File Name       File Description
-------------   -----------------------------------------------------------
uniref100.fasta This file contains all UniRef100 entries in FASTA format. 
                The definition line in the FASTA format includes cluster 
                specific information such as cluster name, number of members and
                and common taxonomy and also the ID of the representative protein. 
                The format is as follows: 
                >UniqueIdentifier ClusterName n=Members Tax=Taxon RepID=RepresentativeMember
                where:
                - UniqueIdentifier is the primary accession number of the UniRef cluster.
                - ClusterName is the name of the UniRef cluster.
                - Members is the number of UniRef cluster members.
                - Taxon is the scientific name of the lowest common taxon shared 
                  by all UniRef cluster members.
                - RepresentativeMember is the entry name of the representative member 
                  of the UniRef cluster.
                For example:
                >UniRef100_P99999 Cytochrome c n=5 Tax=Hominidae RepID=CYC_HUMAN
                   
uniref100.xml   This file contains all UniRef100 entries in XML format.
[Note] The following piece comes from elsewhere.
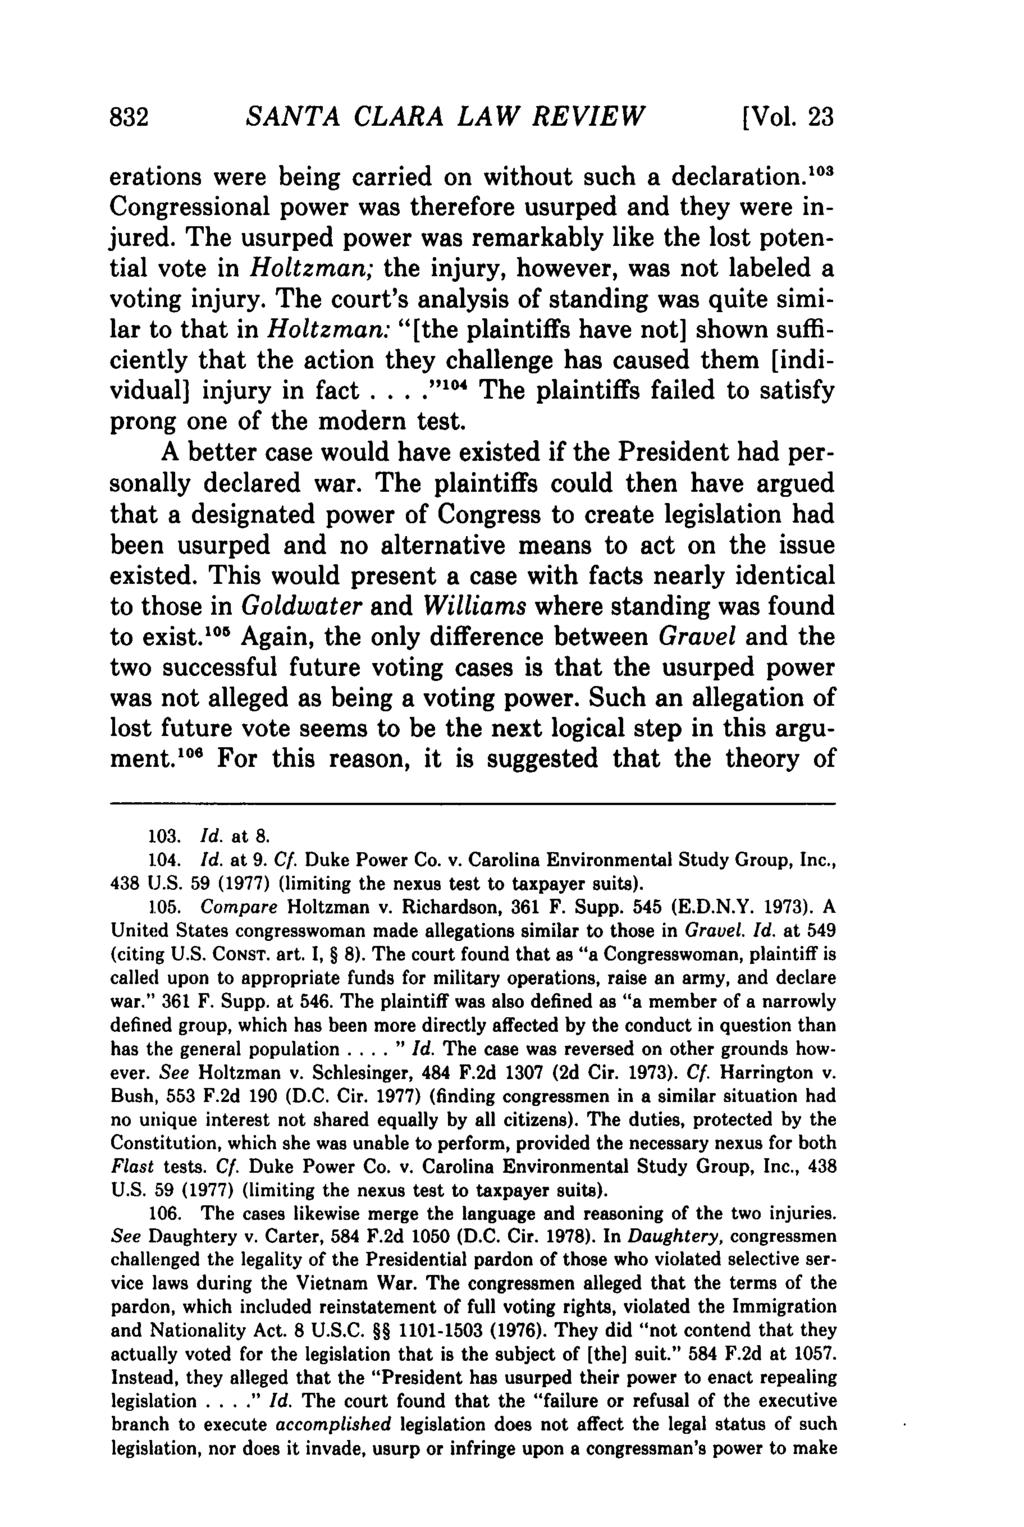 SANTA CLARA LAW REVIEW [Vol. 23 erations were being carried on without such a declaration. 0 3 Congressional power was therefore usurped and they were injured.
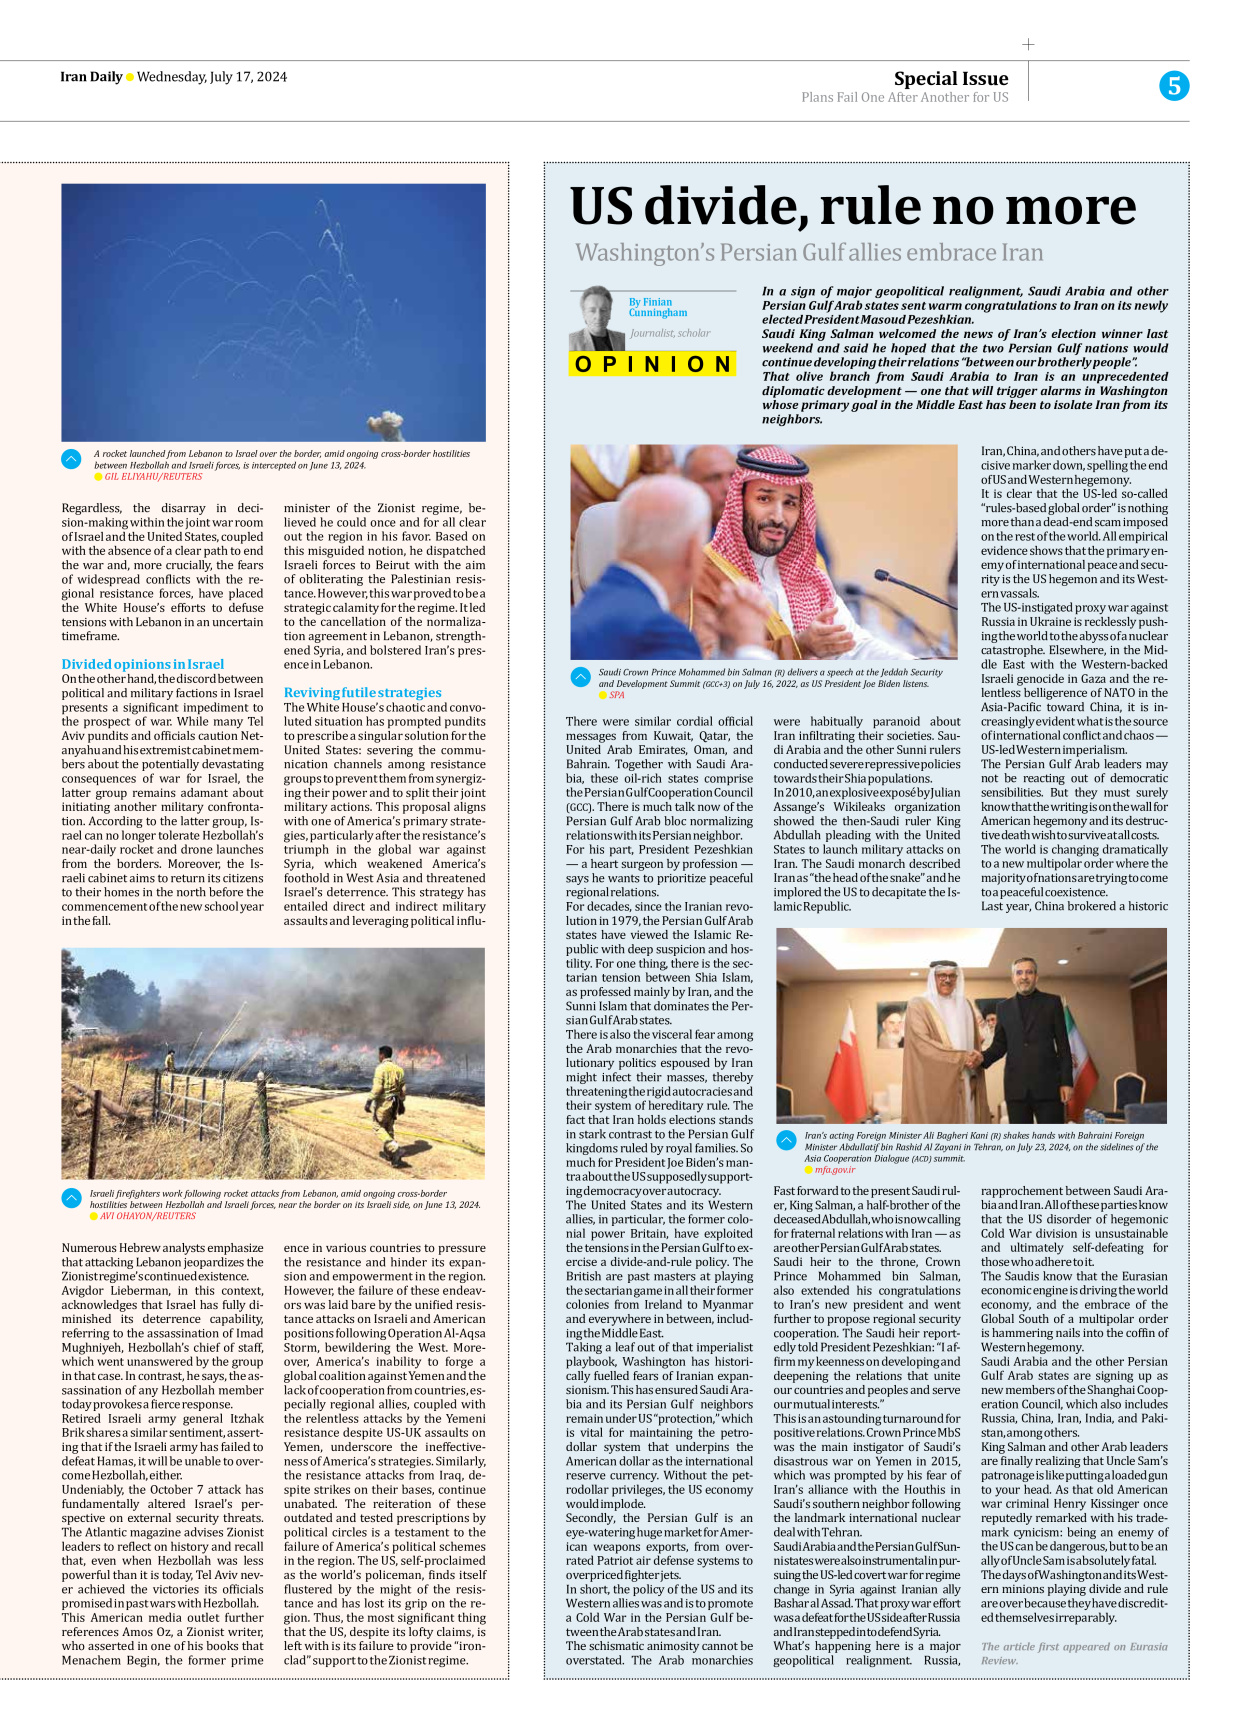 Iran Daily - Number Seven Thousand Six Hundred and Five - 17 July 2024 - Page 5

Each entry is
                identified by the UniRef identifier, and contains:
                - cross-reference to representative UniProtKB or UniParc entry and its 
                  sequence
                - cluster member that served as the seed sequence is flagged 
                - cross-references to member UniProtKB and/or UniParc entries
		- cross-references to UniRef50 and UniRef90 entries
                - member count
                - common taxon

Document type definition for uniref100.xml   
------------------------------------------
<?xml version="1.0" encoding="ASCII"?>
<!DOCTYPE UniRef100 [
<!ELEMENT UniRef100 (entry+)>
<!ATTLIST UniRef100 
		    xmlns CDATA #FIXED "http://uniprot.org/uniref"
		    xmlns:xsi CDATA #IMPLIED
		    xsi:schemaLocation CDATA #IMPLIED
		    releaseDate    CDATA #IMPLIED
                    version        CDATA #IMPLIED
>

<!-- entry: UniRef100 entry -->
<!ELEMENT entry (name,property*,representativeMember,member*)> 
<!ATTLIST entry  id             ID    #REQUIRED
                 updated        CDATA #IMPLIED 
>

<!-- name: UniRef100 entry's name derived from -->
<!-- representative UniProtKB or UniParc entry --> 
<!ELEMENT name  (#PCDATA)>


<!-- representativeMember: information for representative -->
<!-- UniProtKB or UniParc entry  -->
<!ELEMENT representativeMember (dbReference,sequence)>

<!-- memberList: members of UniRef100 other than representative --> 
<!ELEMENT member (dbReference)>

<!-- dbReference: cross-reference to member UniProtKB or UniParc -->
<!-- entry  -->
<!ELEMENT dbReference (property*)>
<!ATTLIST dbReference
    type CDATA #REQUIRED 
    id 	 CDATA #REQUIRED 
> 

<!-- property: properties of cross-references -->
<!ELEMENT property EMPTY>
<!ATTLIST property
    type CDATA #REQUIRED
    value CDATA #REQUIRED
>

<!ELEMENT sequence (#PCDATA ) >
<!ATTLIST sequence
    length CDATA #IMPLIED
    checksum CDATA #IMPLIED
>

]>


--------------------------------------------------------------------------------
  LICENSE
--------------------------------------------------------------------------------
We have chosen to apply the Creative Commons Attribution (CC BY 4.0) License
(https://creativecommons.org/licenses/by/4.0/) to all copyrightable parts of
our databases.

(c) 2002-2023 UniProt Consortium

--------------------------------------------------------------------------------
  DISCLAIMER
--------------------------------------------------------------------------------
We make no warranties regarding the correctness of the data, and disclaim
liability for damages resulting from its use. We cannot provide unrestricted
permission regarding the use of the data, as some data may be covered by patents
or other rights.

Any medical or genetic information is provided for research, educational and
informational purposes only. It is not in any way intended to be used as a
substitute for professional medical advice, diagnosis, treatment or care.